WHAT IS REQUIRED:
Once the line with "Sveriges talman Andreas" is found in the data, output it and each following line exactly, up to and including the line with "Image of Rick", and nothing before or after.

SUPPLIED RECORDS:
++++++
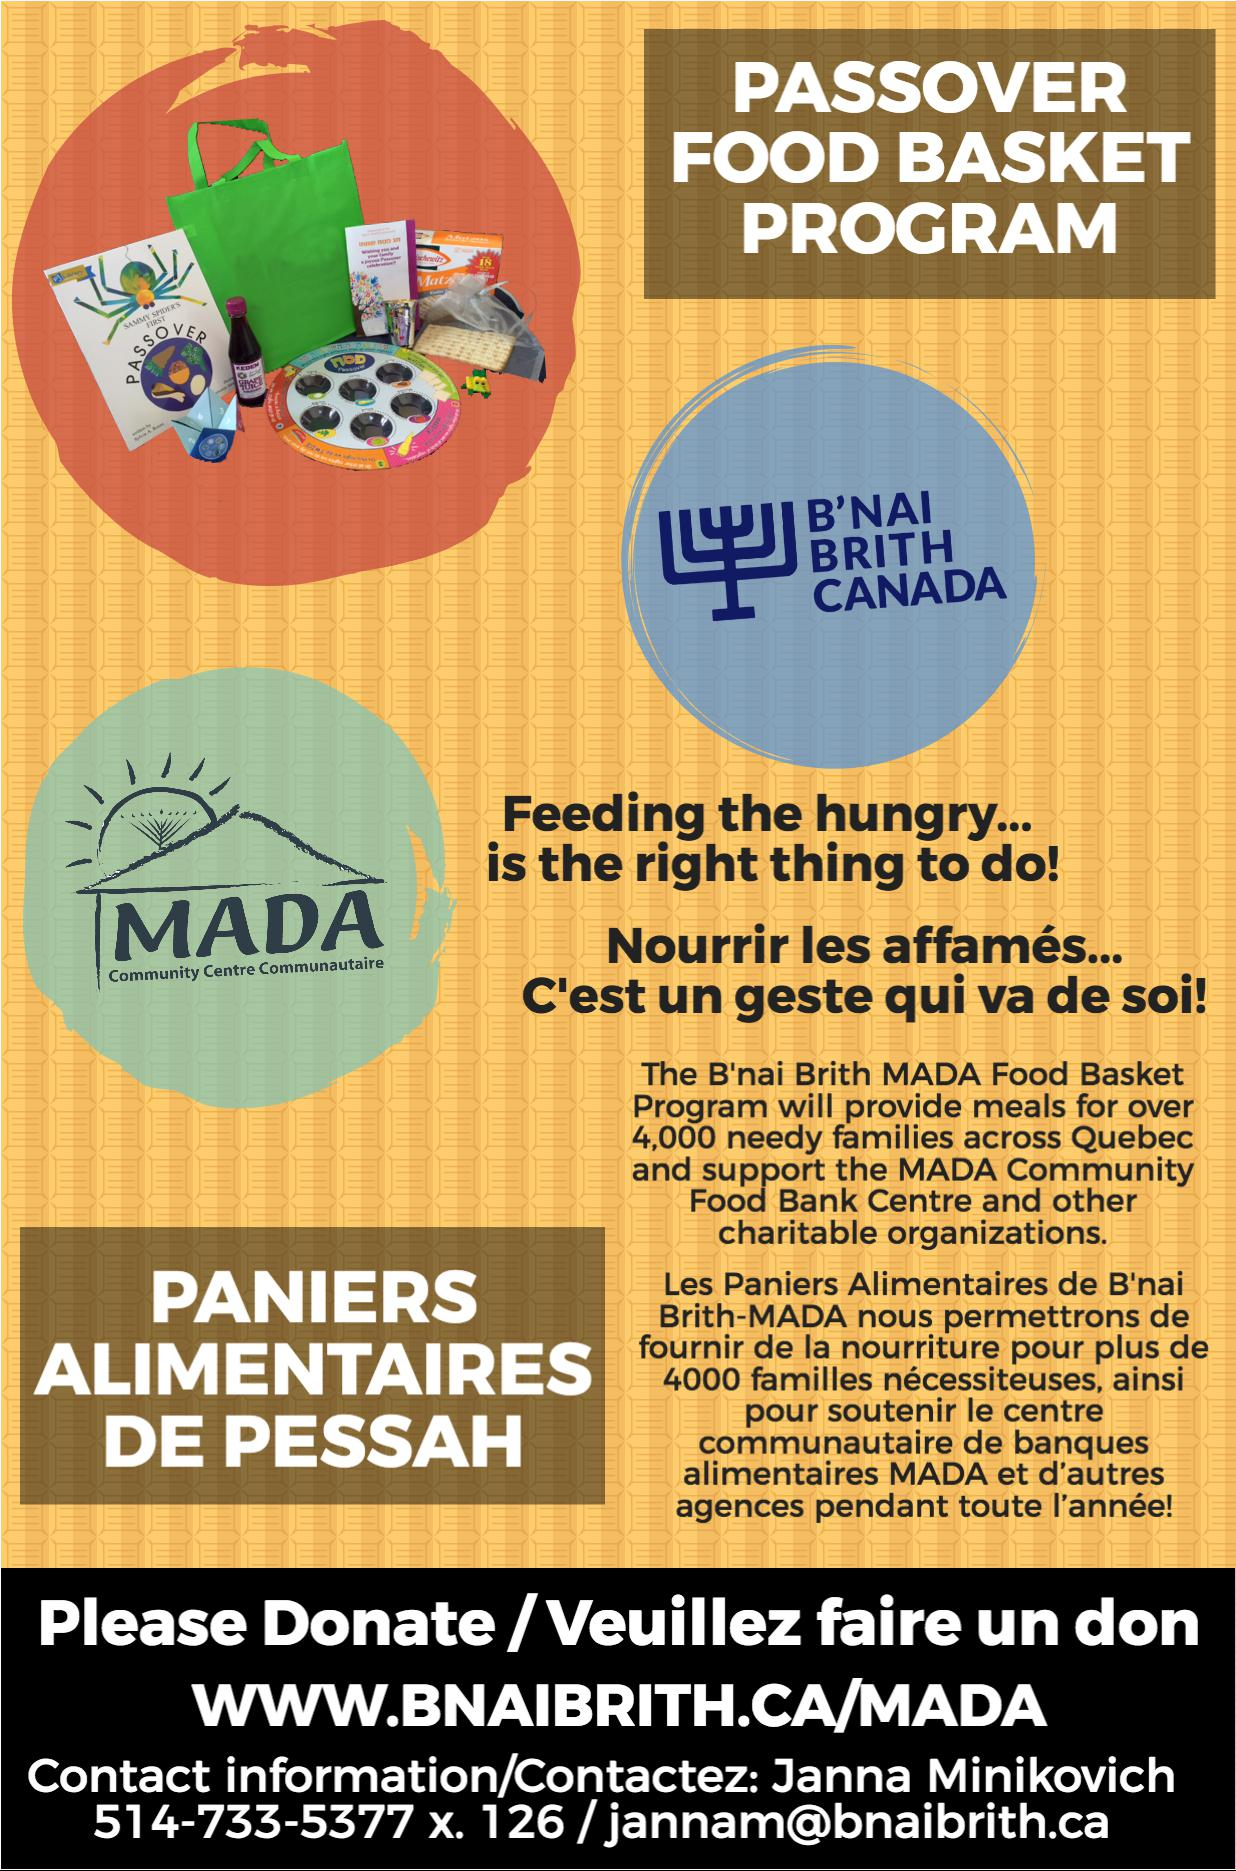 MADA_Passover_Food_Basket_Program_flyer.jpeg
++++++
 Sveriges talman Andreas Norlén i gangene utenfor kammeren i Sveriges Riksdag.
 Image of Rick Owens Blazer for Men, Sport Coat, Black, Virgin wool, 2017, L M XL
++++++
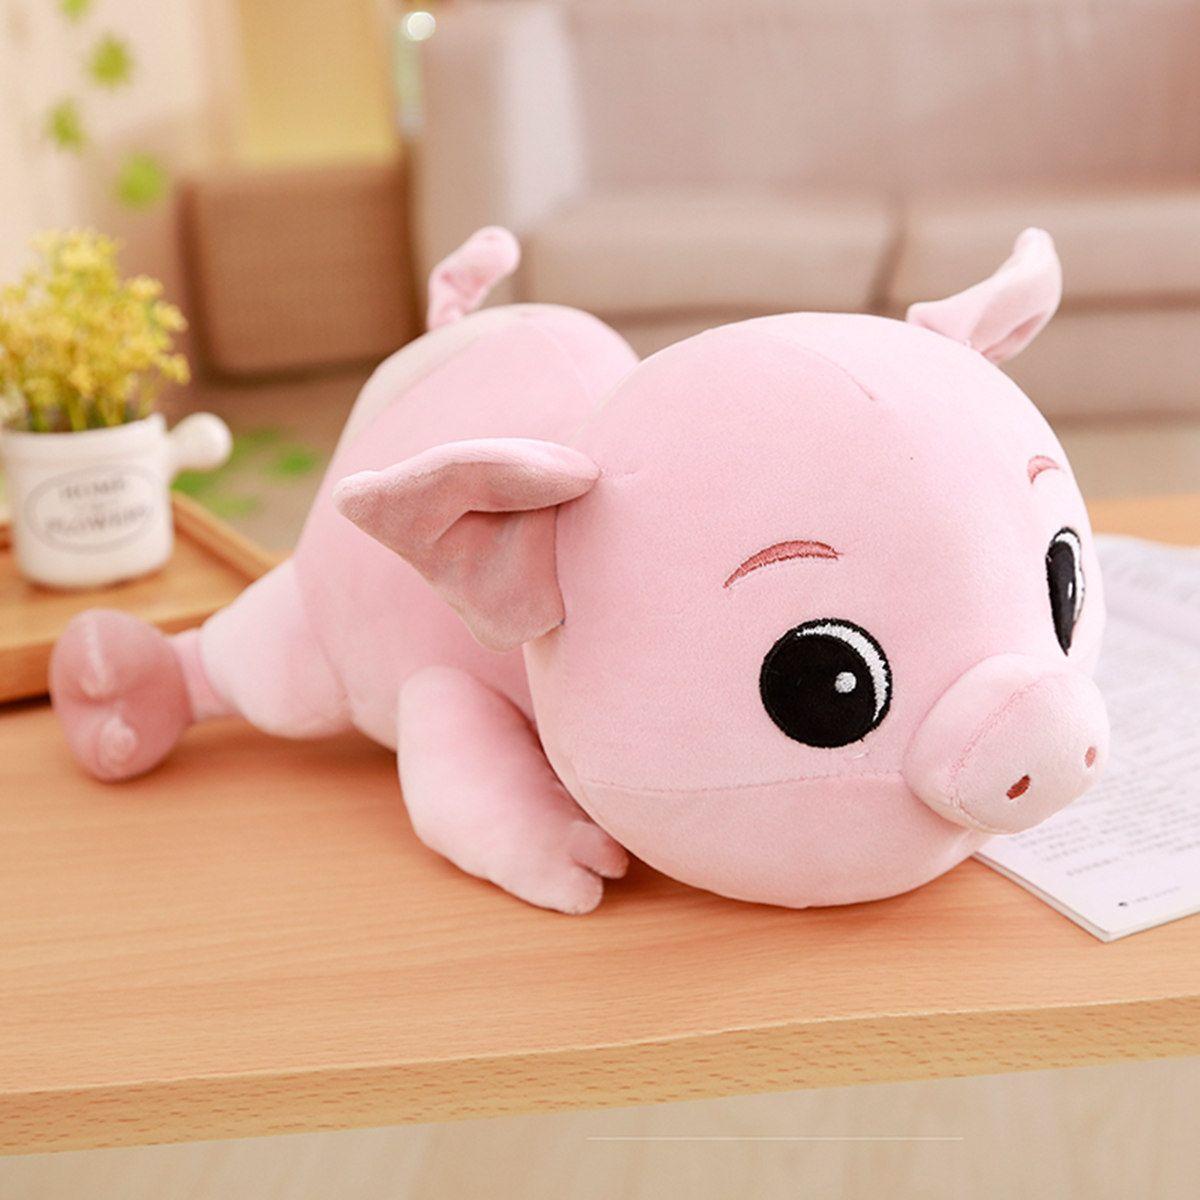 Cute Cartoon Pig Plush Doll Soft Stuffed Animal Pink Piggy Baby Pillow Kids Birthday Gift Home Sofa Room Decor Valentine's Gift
++++++
RESPONSE TO THE TASK:
 Sveriges talman Andreas Norlén i gangene utenfor kammeren i Sveriges Riksdag.
 Image of Rick Owens Blazer for Men, Sport Coat, Black, Virgin wool, 2017, L M XL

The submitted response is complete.